EXERCISE INSTRUCTIONS -> Can you set down, exactly as they appear below, the lines from the opening of the material through the one bearing "AquaDome Market, Royal", minus the pictures?

MATERIAL PROVIDED ->

● ● ●

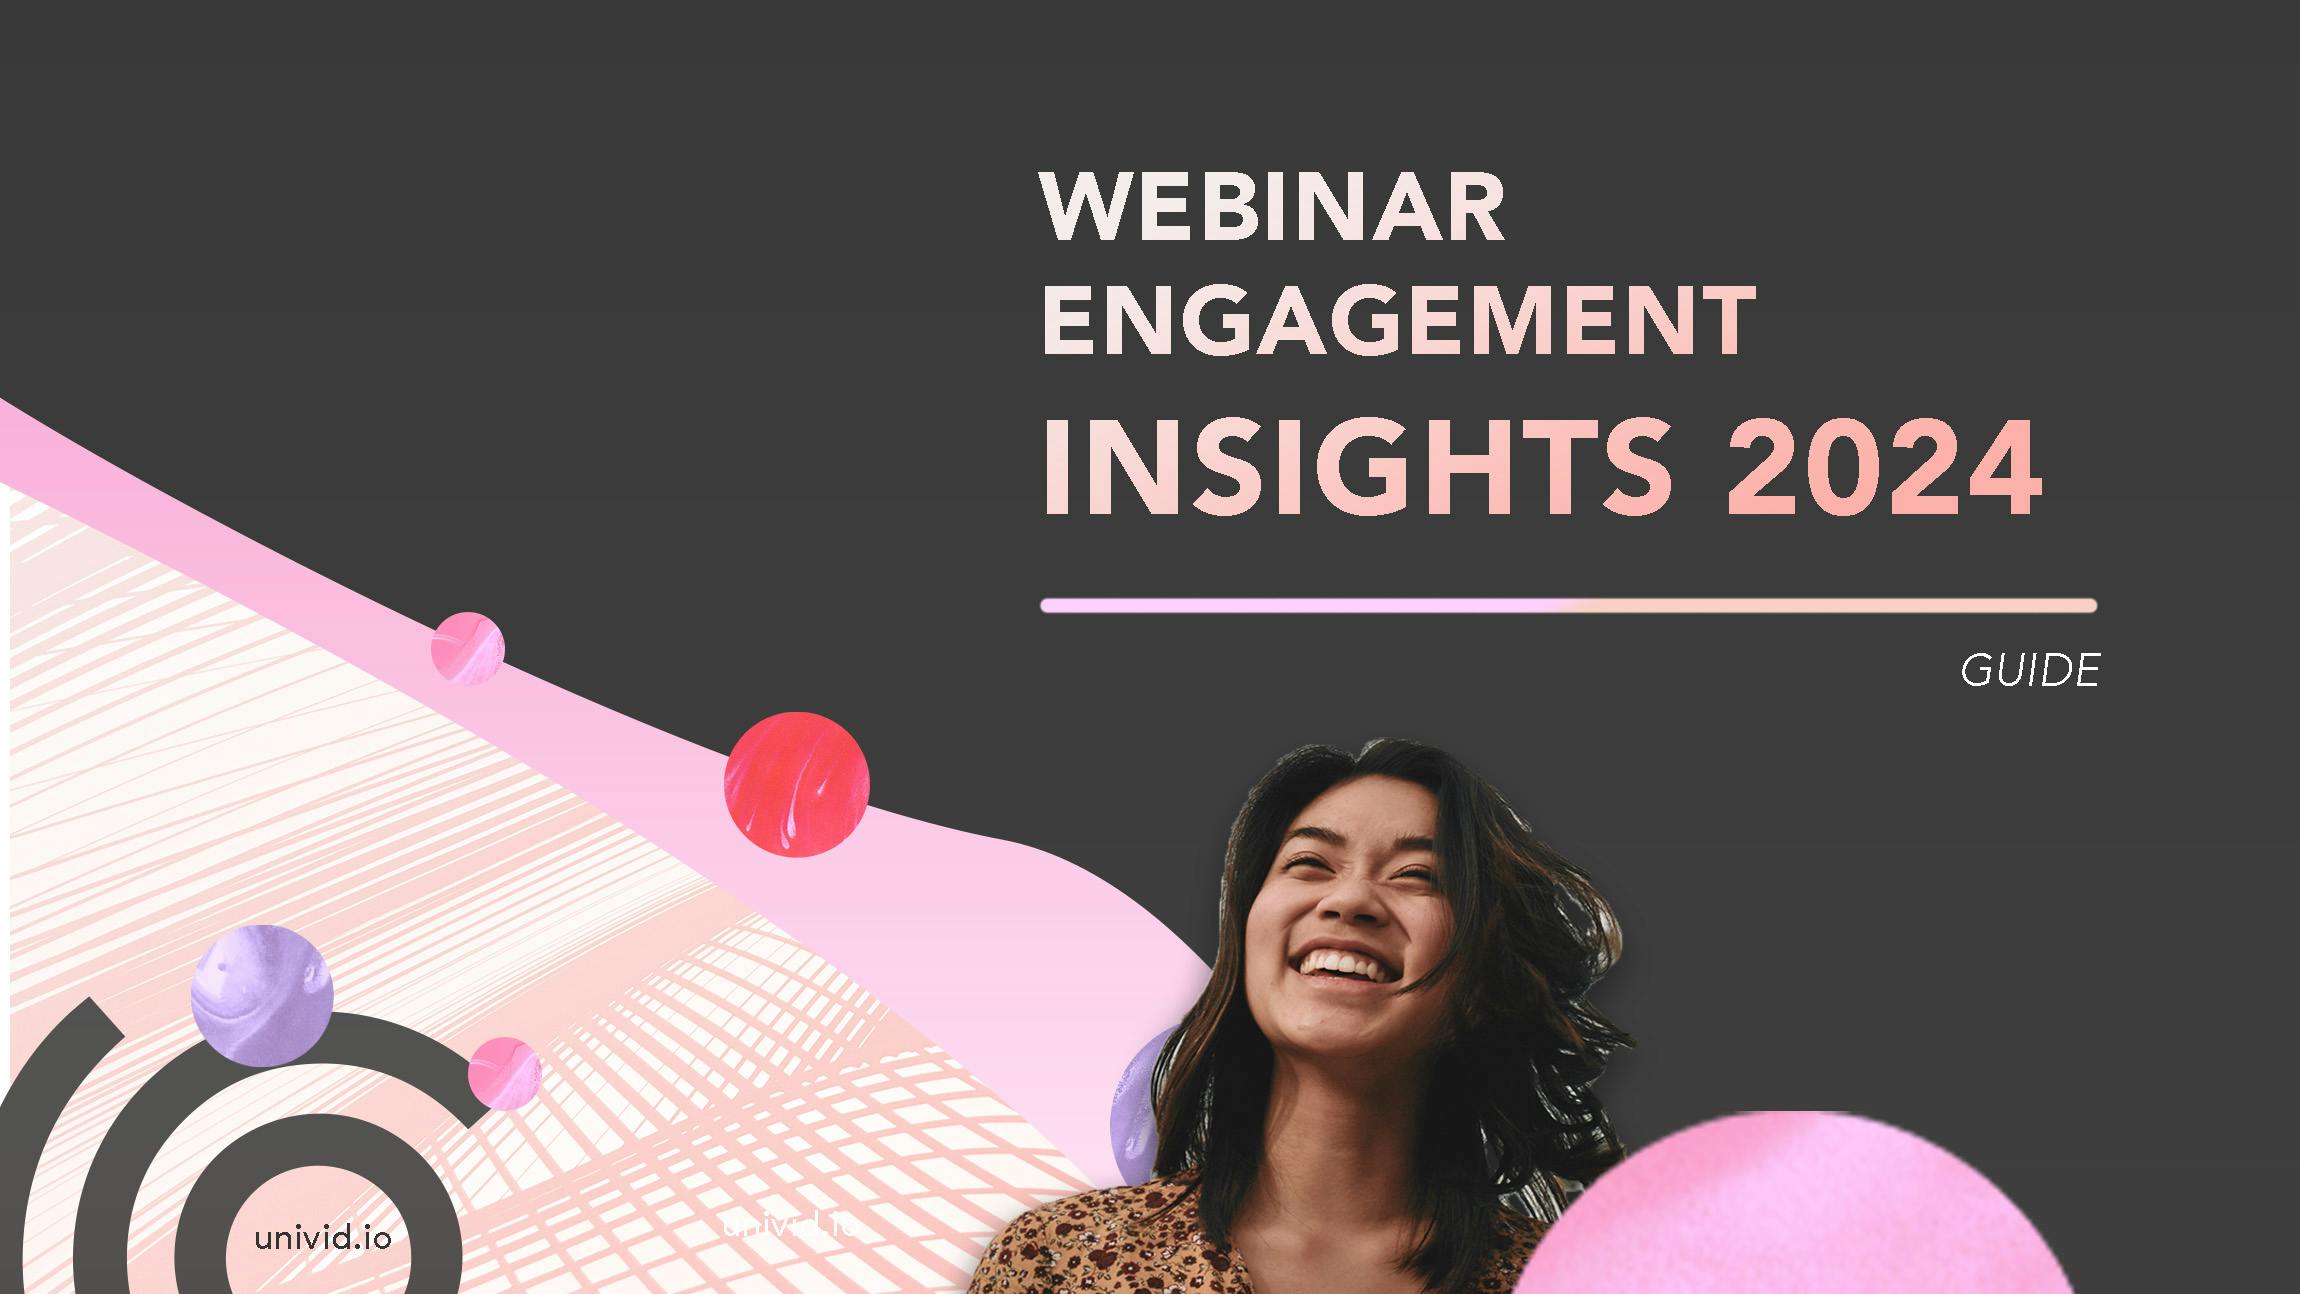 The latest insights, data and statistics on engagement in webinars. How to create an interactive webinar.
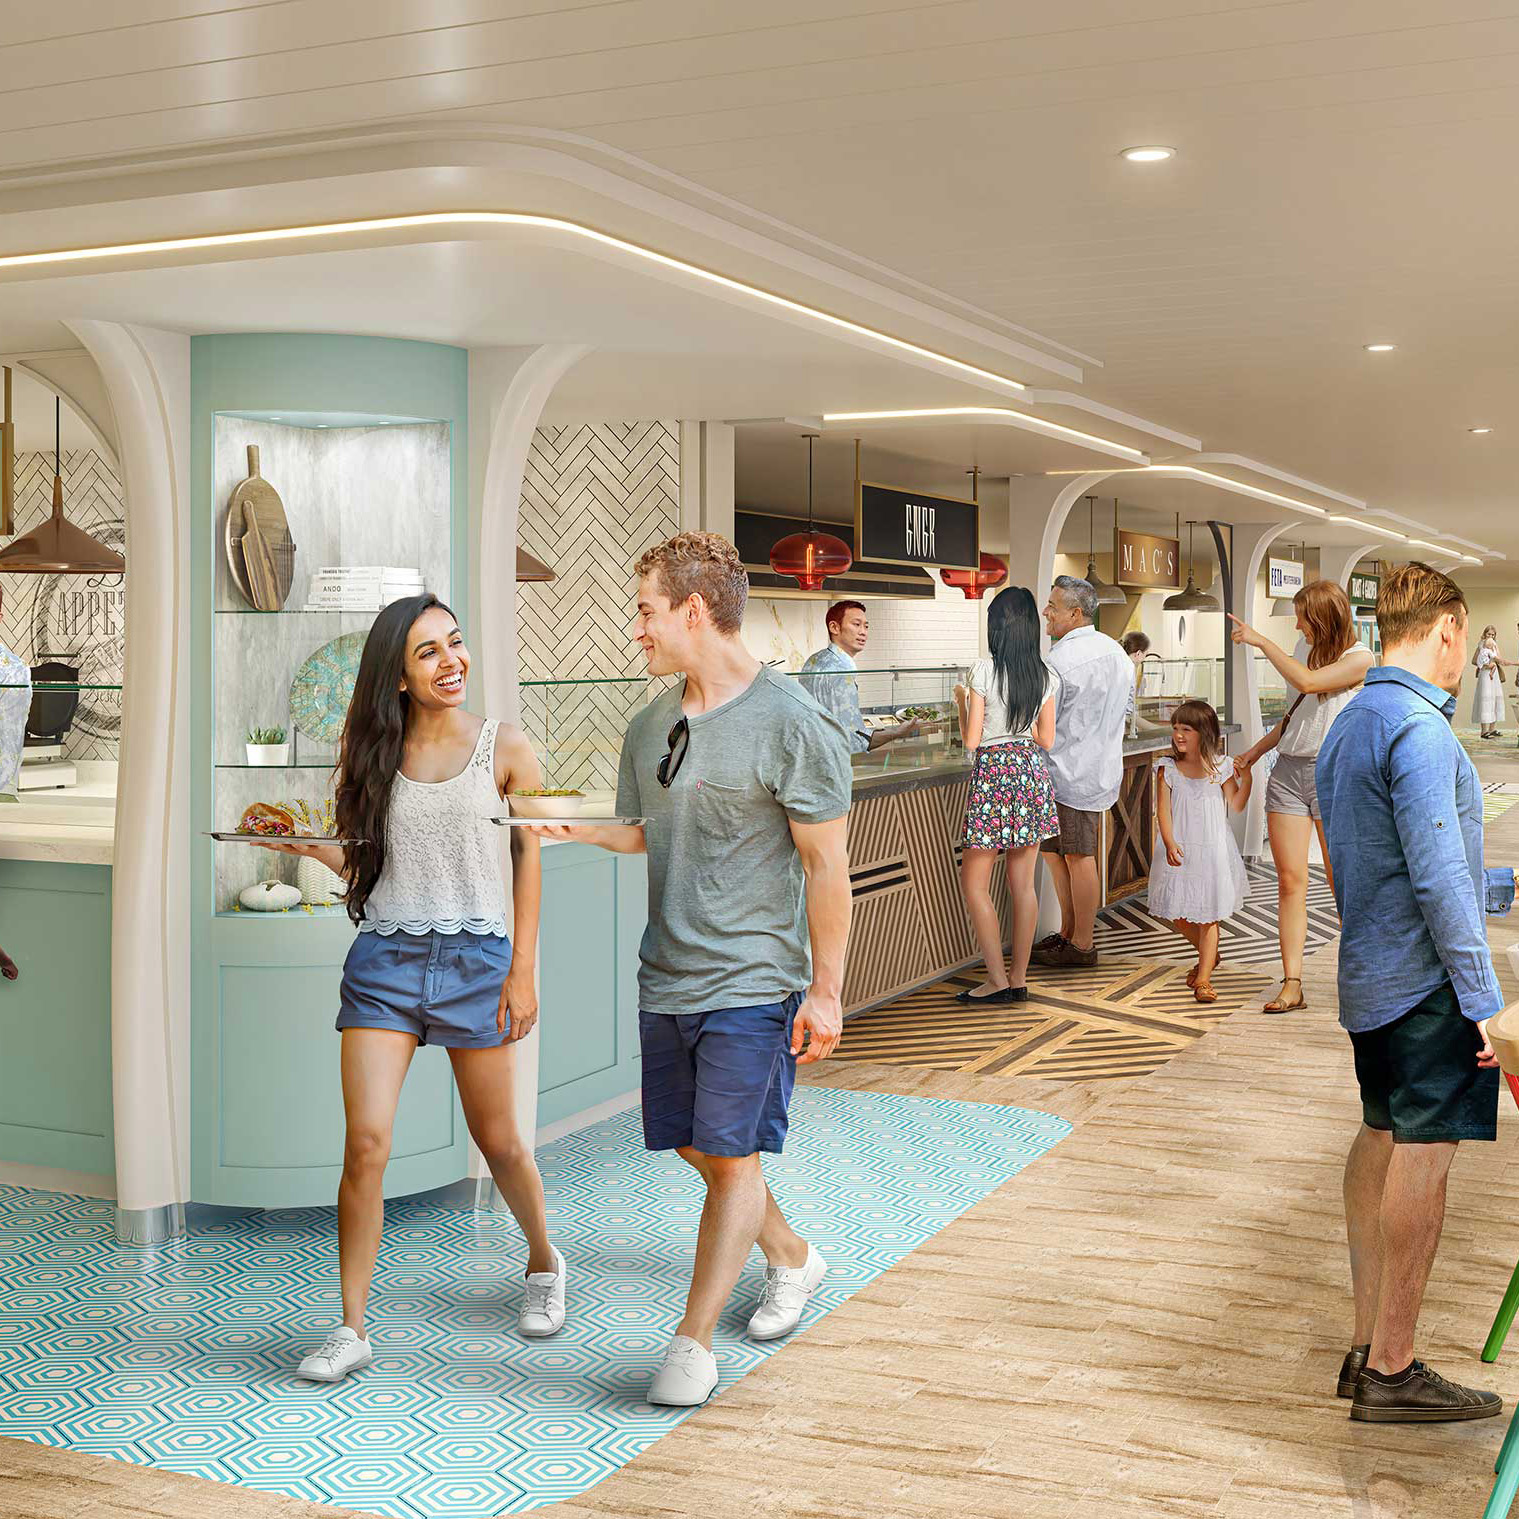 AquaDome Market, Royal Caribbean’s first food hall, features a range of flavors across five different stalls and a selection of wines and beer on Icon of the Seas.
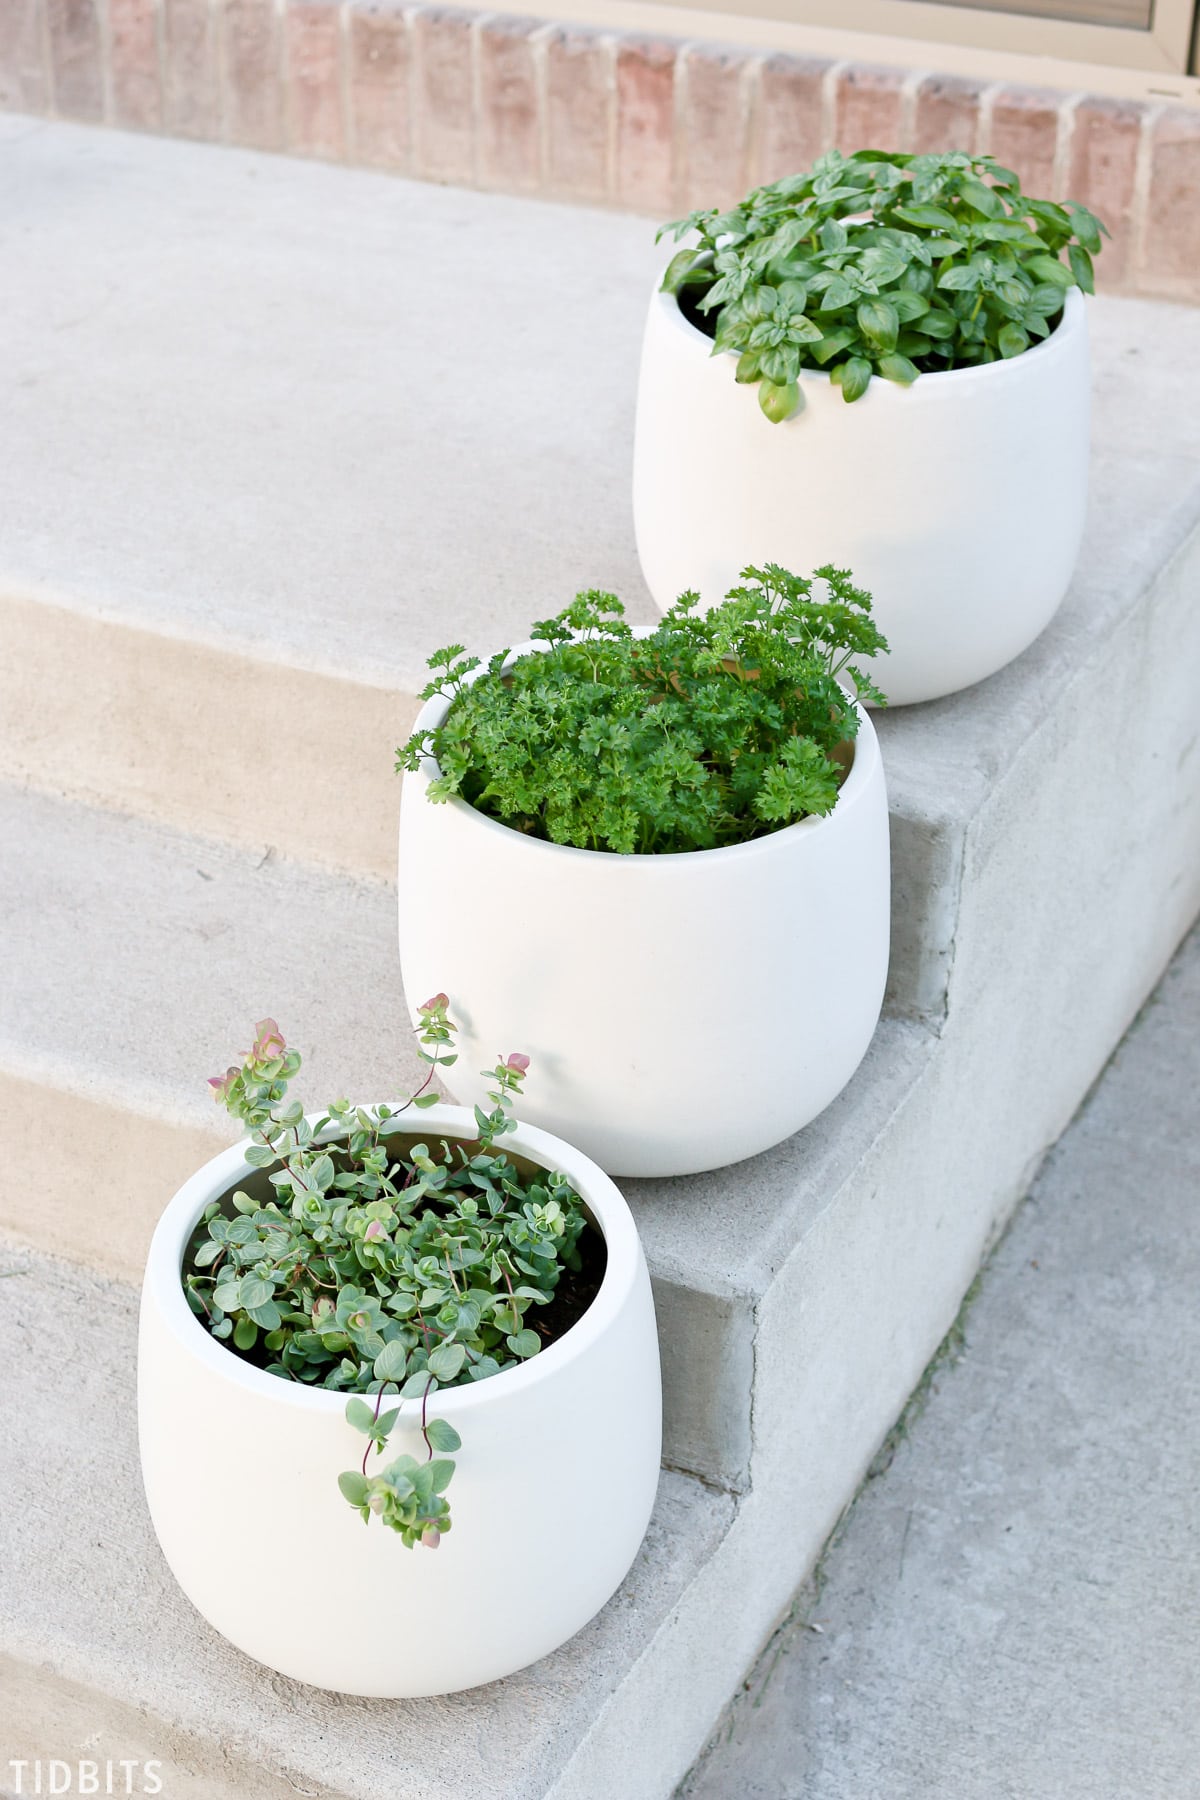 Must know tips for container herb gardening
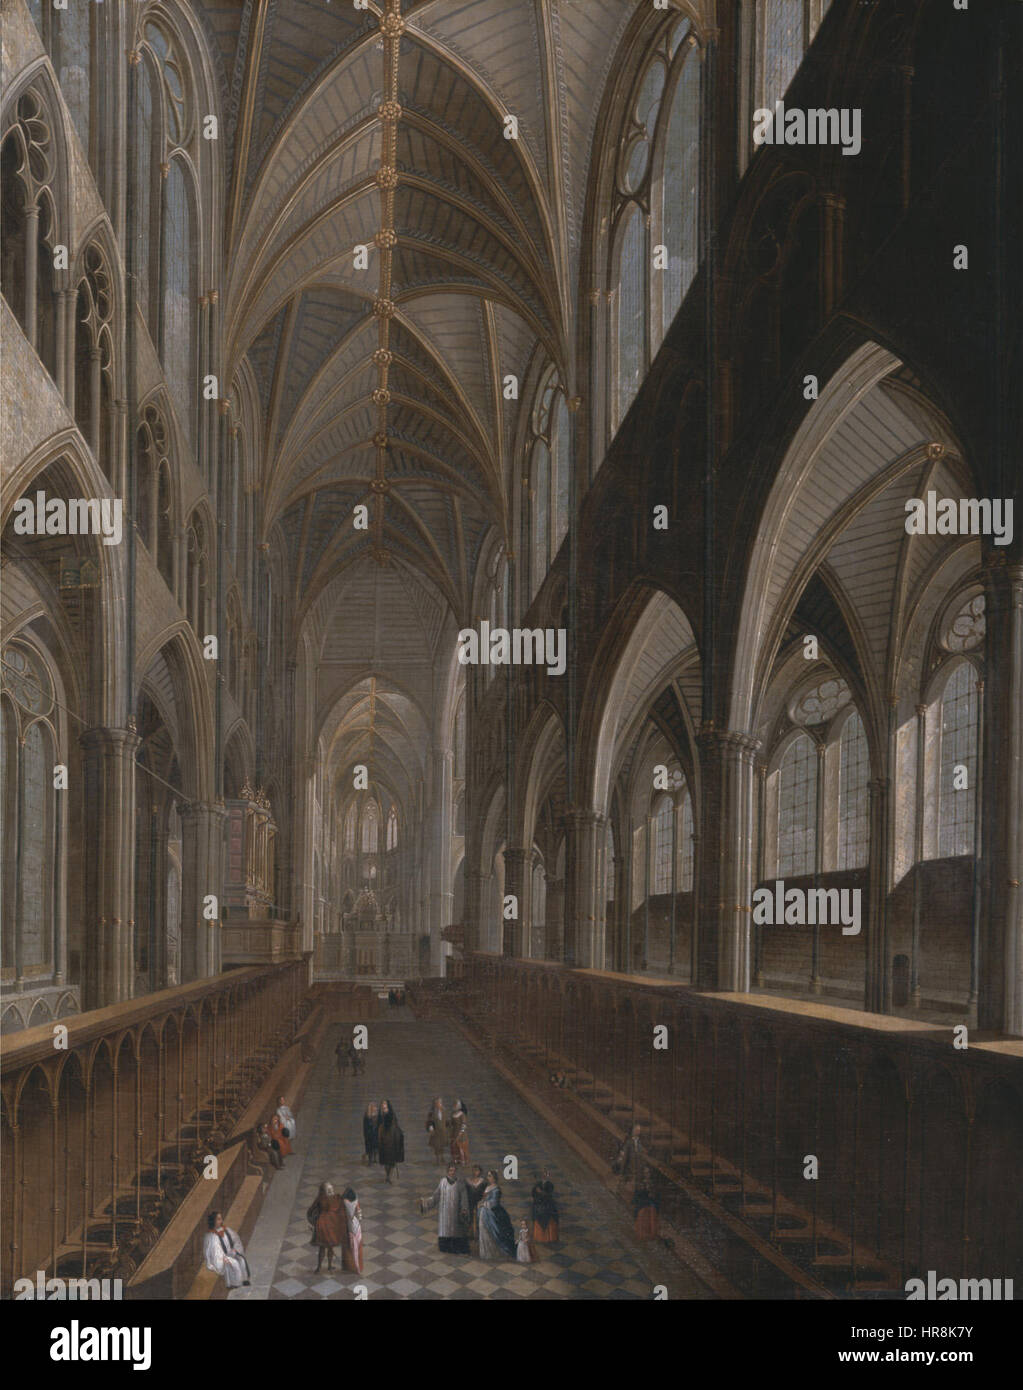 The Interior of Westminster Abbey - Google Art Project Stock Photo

● ● ●

TASK OUTPUT ->
 The latest insights, data and statistics on engagement in webinars. How to create an interactive webinar.
 AquaDome Market, Royal Caribbean’s first food hall, features a range of flavors across five different stalls and a selection of wines and beer on Icon of the Seas.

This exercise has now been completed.